Another feature of Strozzi’s music is the decidedly different voices of the composer versus the poet. The poets for her works were male. This sometimes creates interesting relationships between the text and how it would have been performed by a woman. For example, all three of her laments are sung from the perspective of a man. In Apresso ai molli argenti, Fileno, the shepherd, cannot see his love and laments the separation. Going back to the famous Love or Tears debate from the academy, each lament focuses on the weeping or singing of a male character, but Strozzi creates an unusual perspective as both the performer and creator were female. Another work where Strozzi use of text is ironic, is found in Op. 3 with “Moralità amorosa” (“Loving Morality”). In this work, the poem starts with the description of the beloved in the morning. It talks about how she carefully arranges her hair and purposefully highlights her own beauty, trapping a man’s heart. The poem ends by saying the carefully crafted beauty is but dust and vanishes. Through this text, the poem is not only commenting on the fleeting quality of beauty but also specifically of hair as a form of self-ornamentation. This was another popular issue among the academies. It was thought that a woman should not resort to such female luxuries to distract men from their duties[34]. It is with this issue in mind that the irony of a female composer and performer evolves. Having a female singing about the distraction and fleetingness of female beauty, while she was most likely highlighting her own beauty and affecting male audiences is comical.

Opus 7 edit

Many scholars refer to Op. 7 as the signature volume of Strozzi’s career[33]. The work was dedicated to Nicolo Sagredo, a well-off figure in the arts and a high-standing individual in Venetian politics. The texts of the work are written by well-known poets, with three of the texts containing “barbara-barbaro” suggesting that the poems were written for Strozzi specifically.

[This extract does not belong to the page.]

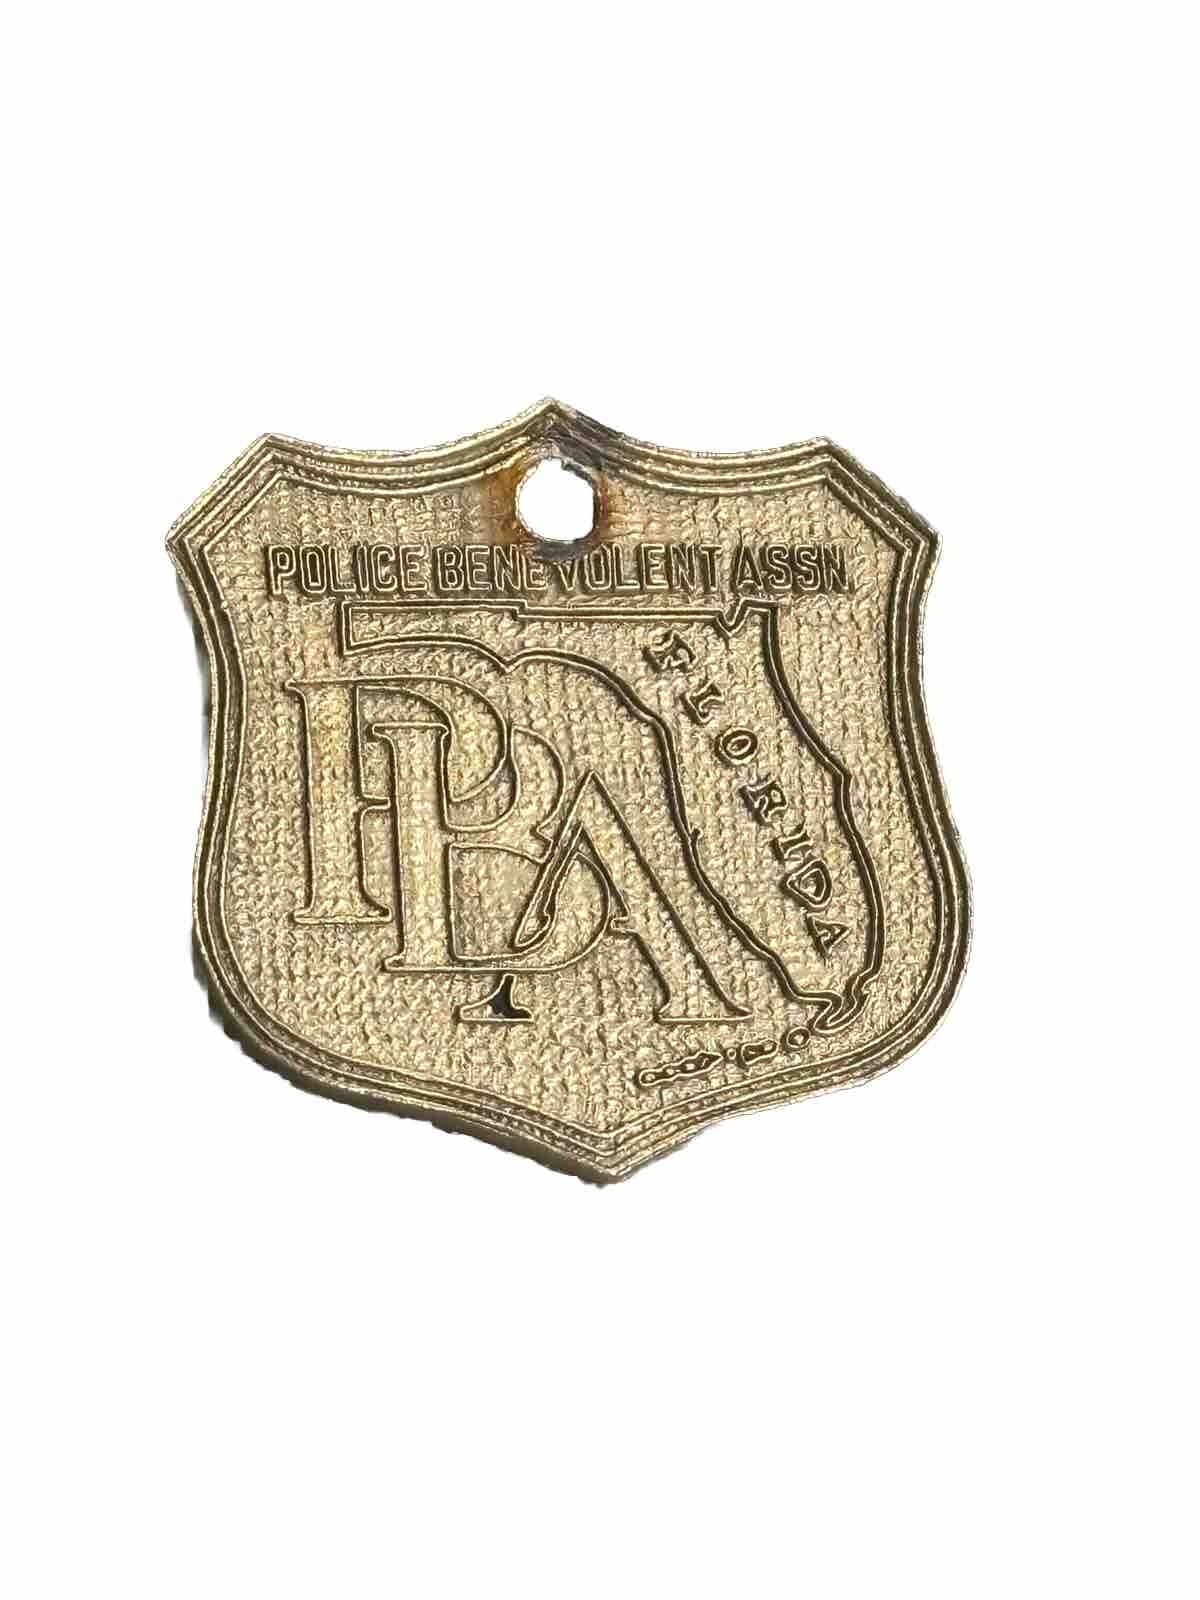 PBA FLORIDA LAW ENFORCEMENT SUPPORTER CAR GOLD POLICE LICENSE TAG SHIELD PLATE  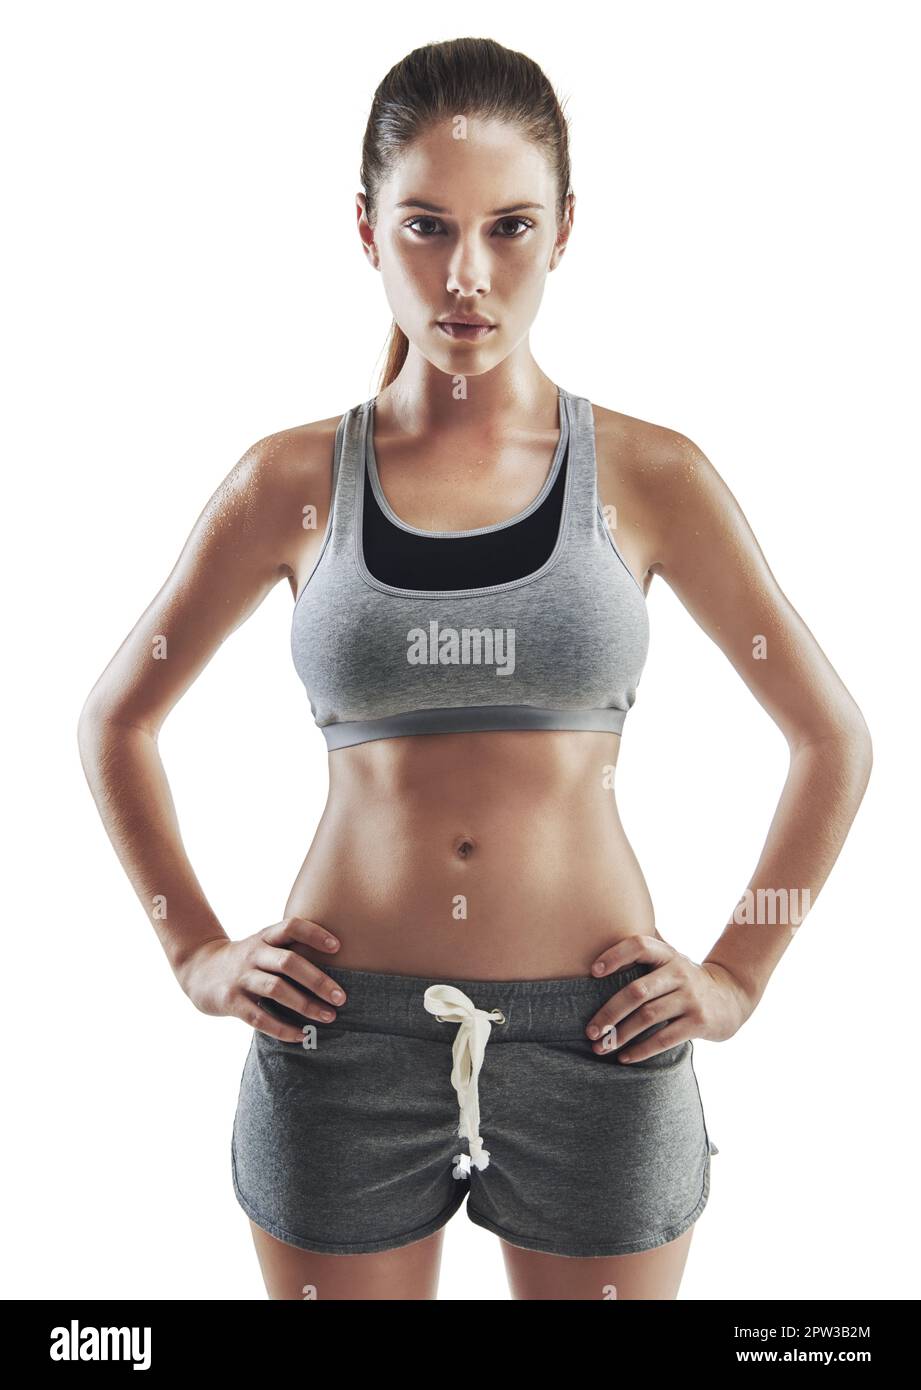 https://c8.alamy.com/comp/2PW3B2M/ill-reach-my-fitness-goals-cropped-portrait-of-a-young-female-athlete-standing-arms-akimbo-against-white-background-2PW3B2M.jpg

Cover page of Op. 7, dedicated to Nicolo Sagredo

Op. 7 contains Apresso ai molli argenti which is labelled as a lamento. There is speculation that Strozzi’s interest in songs of mourning came from the debate in the Accademia degli Unisoni about tears and song and their effect on love. Through her lamenti Barbara is able to express and explore different aspects of love while using both of the greatest factors that spark love itself. Barbara is able to create beautiful expressions of mourning and tears, while maintaining the sought-after grace and beauty of the female voice. Baroque laments are usually expressed in two ways: recitative, popular in Monteverdi’s Lamento d’Arianna and aria, developed in the 1620s-1630s and again popularized by Monteverdi. The lament arias are slow triple time arias that feature lyrical melodies above a lament bass (descending tetrachord). The lament bass was a sign of mourning well-known to educated listeners. It would have been recognized even through rich, ornamented textures. Strozzi uses both recitative and aria to express lament in this work. The story follows a shepherd who is separate from his beloved. The piece is divided into two halves. The first half, “Apresso ai molli argenti” (“By the silver banks”) is based on the older style of lament that is recitative, but it includes many shifts to more arioso passages. In this half, Fileno, the shepherd, is focusing on his separation from his love. His grief is strong and Strozzi expresses this mourning through the use of chromaticism, dissonance, and rich word-painting. The aggressive word-painting is seen right from the beginning of the piece, with images of murmuring streams where the vocal line “murmurs” around a central pitch, and searing flames, where dramatic sixteenth note runs emulate the intensity of an actual fire. The passages with more chromaticism or dissonance are at points in the narrative where Fileno is most distressed. Strozzi also places extra emphasis on unpleasant words by highlighting them with descending chromatic movement and rhythmic stress, usually, a sixteenth note followed by an eighth note (short-long). She uses these strategies, particularly on words like pain, laments, plaints, dying, sighing, and crying[33].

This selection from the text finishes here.